As part of the CSHBC Quality Assurance & Professional Practice (QAPP) Program, the College’s Professional Practice Advisors (PPAs) provide an important service for registrants, members of the public, other health professionals, and stakeholder organizations.

PPAs, and other QAPP staff, provide professional practice information that helps ensure adherence to regulatory requirements, including guidance on how standards of practice, clinical policies, clinical practice guidelines and protocols, and related documents can be implemented in practice.

PPAs respond to both general requests for assistance and enquiries related to specific professional practice issues.

From a public protection perspective, the benefits of the service include, but are not limited to:

  • Reducing preventable practice errors and patient/client risk;
  • Providing clarity on standards of practice and other decision support tools;
  • Ensuring registrants comply with mandatory professional and clinical standards of practice;
  • Supporting registrants in meeting their annual quality assurance requirements;
  • Ensuring CSHBC remains current in awareness of practice trends that may necessitate change in College standards of practice, policies, and other documents.

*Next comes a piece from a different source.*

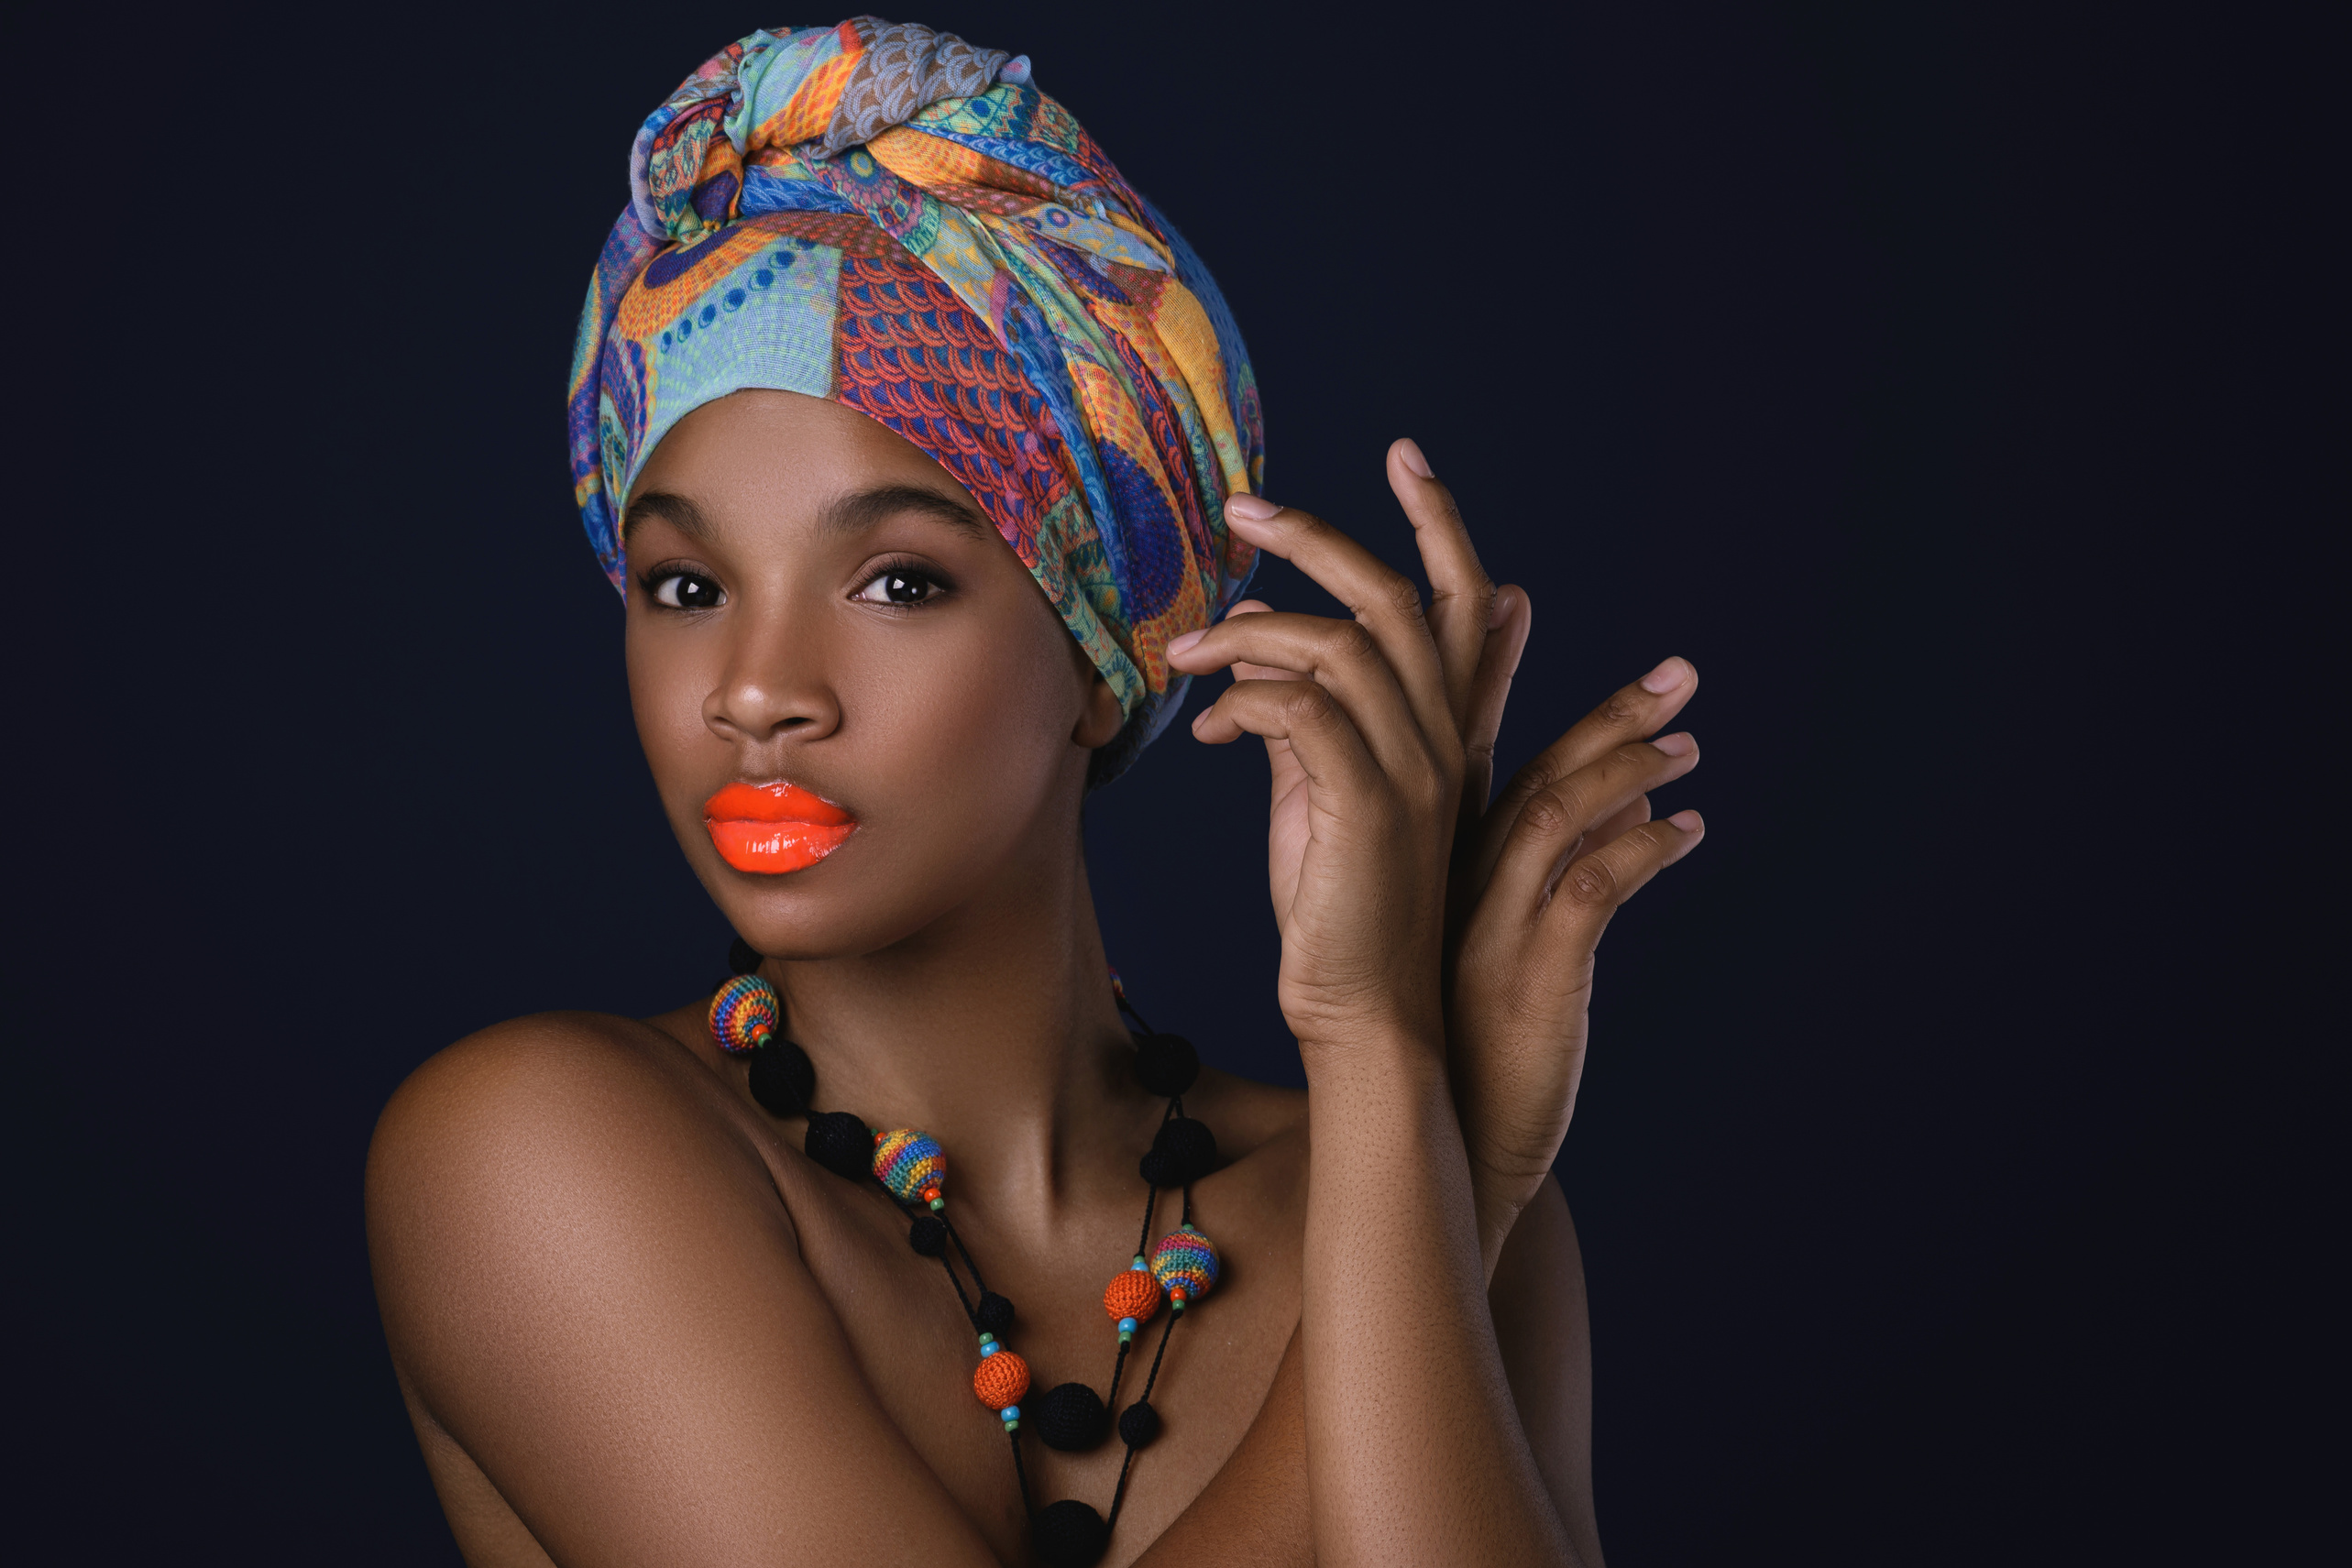 Woman with Shawl on Her Head and Neon Lipstick

This service is proactive and preventative in nature. “An important part of the PPAs’ work is building trust with registrants,” says Mardi Lowe, Senior Practice Advisor and former Director, Quality Assurance & Professional Practice. “That it is okay to ask. It’s far better to be preventative than to wait until you have a situation of non-adherence to standards or other requirements. Prevention is paramount.”

Examples of topics that PPAs have provided information about: scope of practice; documentation and record-keeping; how to meet the Practice Hours requirement; Continuing Competency Credits (CCCs); Certified Practice certificates; Registrant Code of Ethics and conflict of interest; and hearing aid fitting and dispensing.

Overview of the professional practice information process

After a query or question has been submitted to the College’s QAPP team for a response, the assigned PPA:

  • Confirms the identity of the individual and their contact information.
  • Assesses whether any conflict of interest exists. If a conflict exists, the PPA must end the call and advise that another PPA or staff member will contact the individual.
  • Identifies whether the matter relates to any proceeding before the College Registration Committee, Inquiry Committee, or Discipline Committee. If yes, the PPA must advise the individual that they cannot provide information relating to a proceeding.
  • Provides an introductory statement explaining the parameters of the service before discussing a particular matter.

Information may be provided by email, phone, or virtually, depending on the complexity of the issue. PPA interactions may be one-on-one or with groups.

Although PPAs take notes, their discussions are confidential, and they will not disclose who you are and what was discussed unless the information discloses a danger to the public or sexual abuse. If that occurs, the PPA will end the conversation and must report the information to the Registrar. As registrants, PPAs are bound by duties to report under the Health Professions Act and must disclose to the registrant their reporting obligations and must copy the registrant on any related report.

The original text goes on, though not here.